EXERCISE DIRECTIONS:
Your reply should reproduce each line below exactly and carry none of the pictures.

RECORDED INFORMATION:
Start of Block
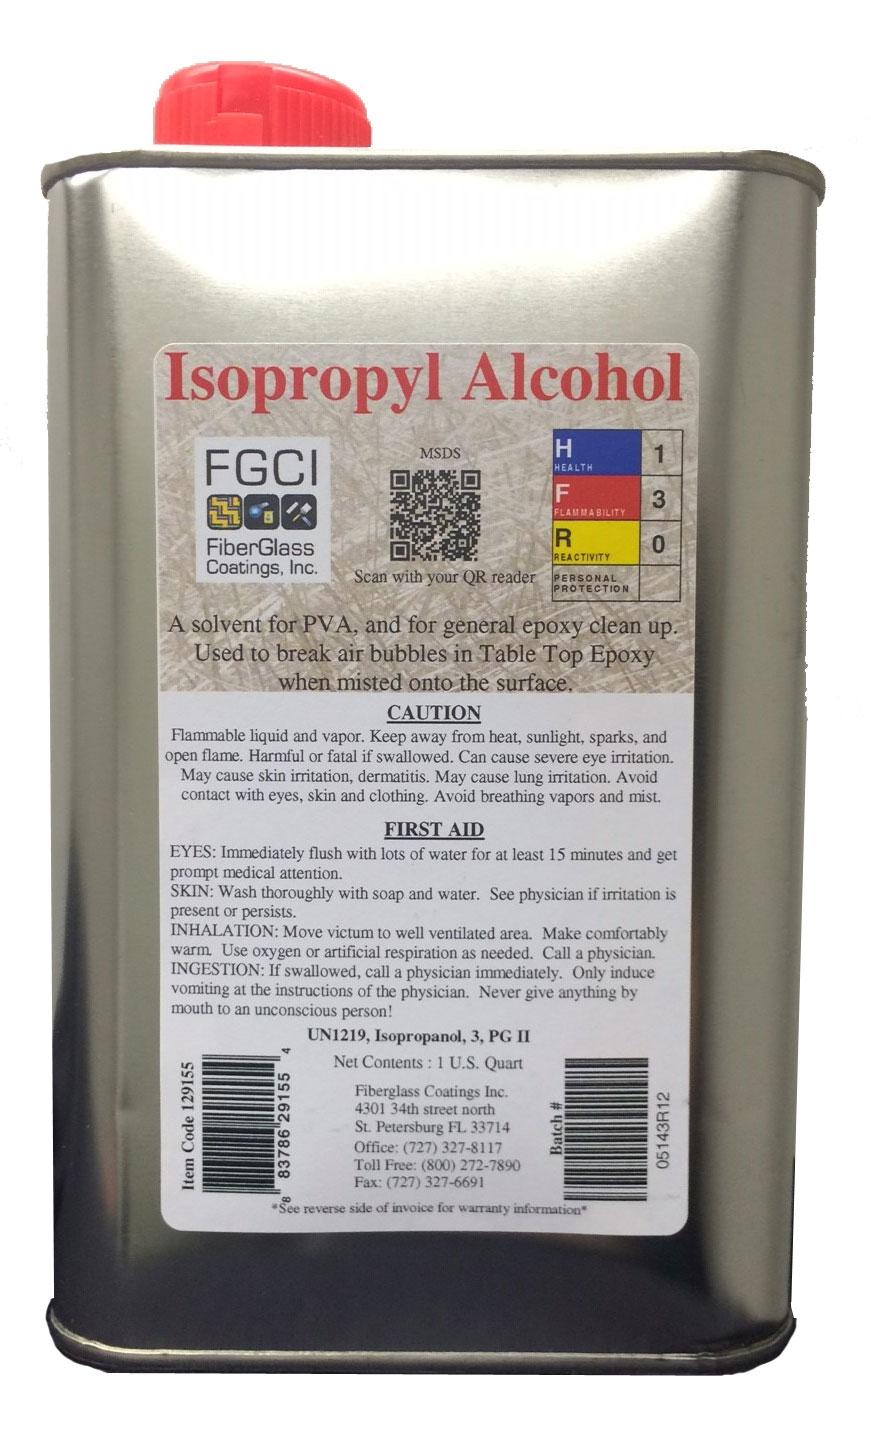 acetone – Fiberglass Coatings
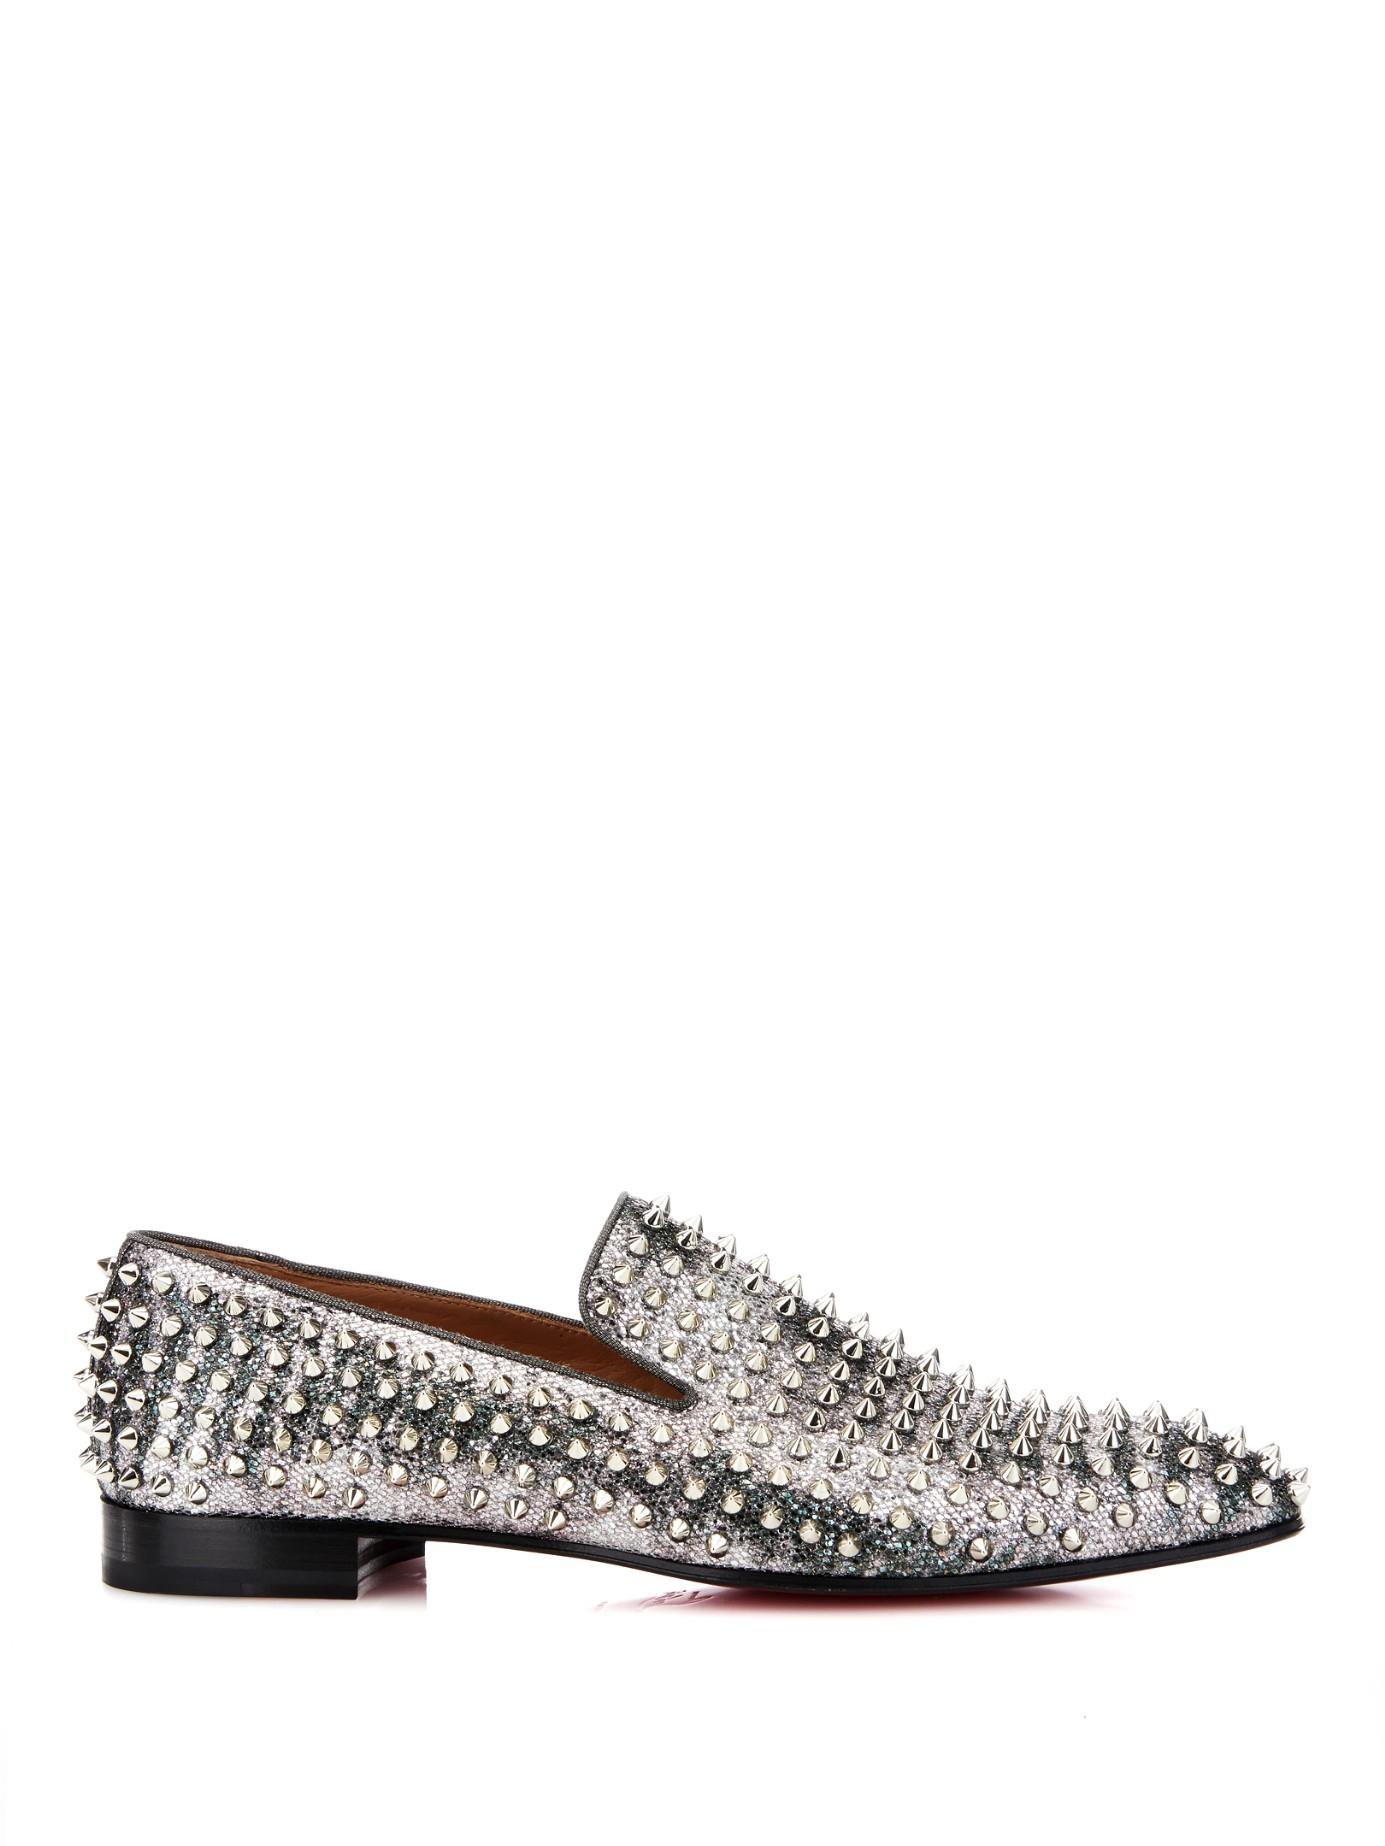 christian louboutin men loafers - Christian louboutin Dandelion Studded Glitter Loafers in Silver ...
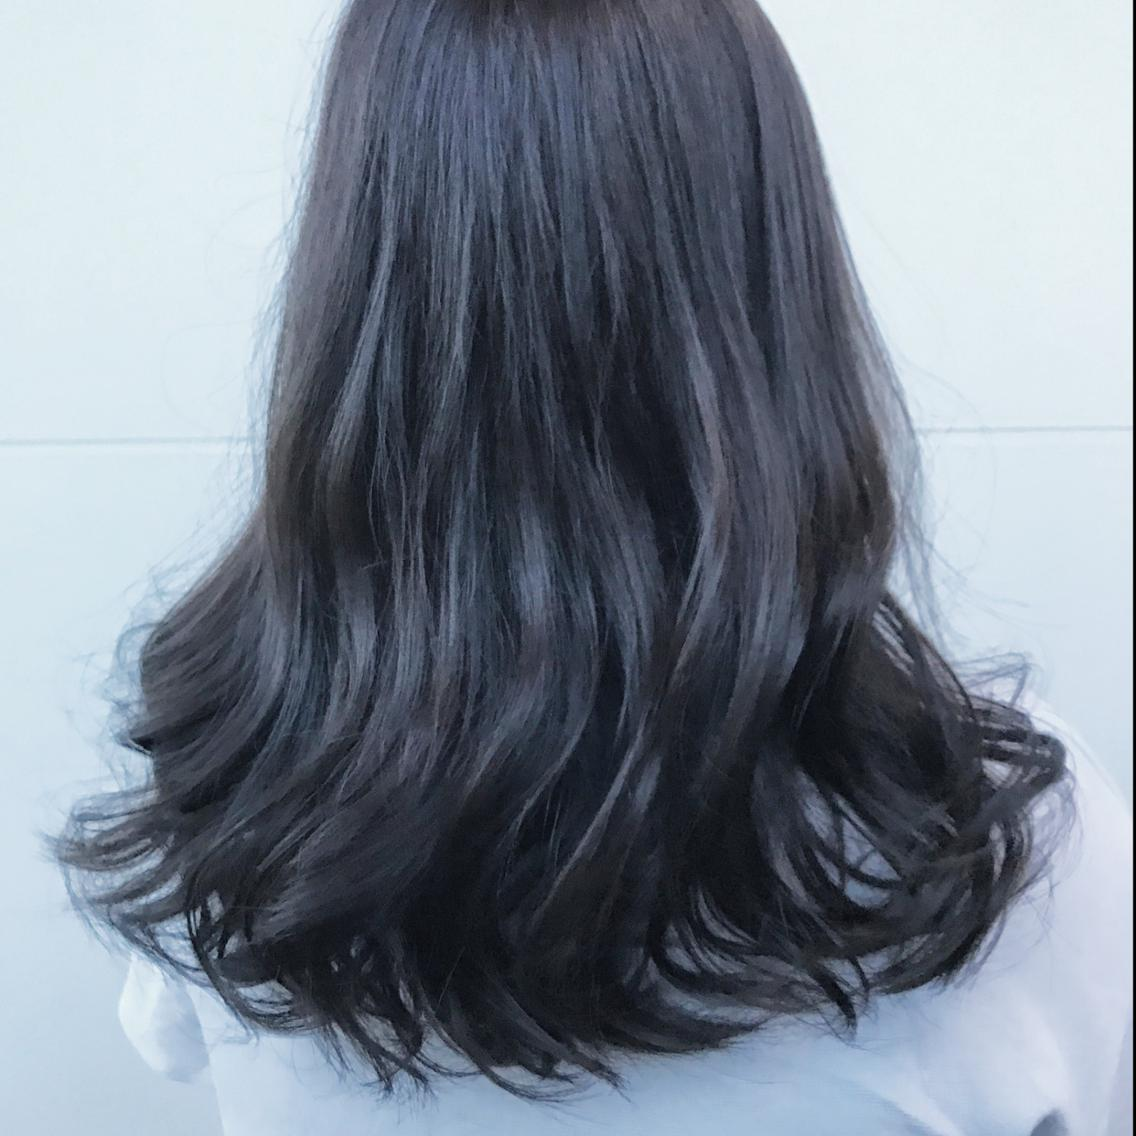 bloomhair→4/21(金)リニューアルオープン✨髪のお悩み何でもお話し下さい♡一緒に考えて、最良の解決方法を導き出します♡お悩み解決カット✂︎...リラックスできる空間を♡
End of Block
EXPECTED ANSWER:
 acetone – Fiberglass Coatings
 christian louboutin men loafers - Christian louboutin Dandelion Studded Glitter Loafers in Silver ...
 bloomhair→4/21(金)リニューアルオープン✨髪のお悩み何でもお話し下さい♡一緒に考えて、最良の解決方法を導き出します♡お悩み解決カット✂︎...リラックスできる空間を♡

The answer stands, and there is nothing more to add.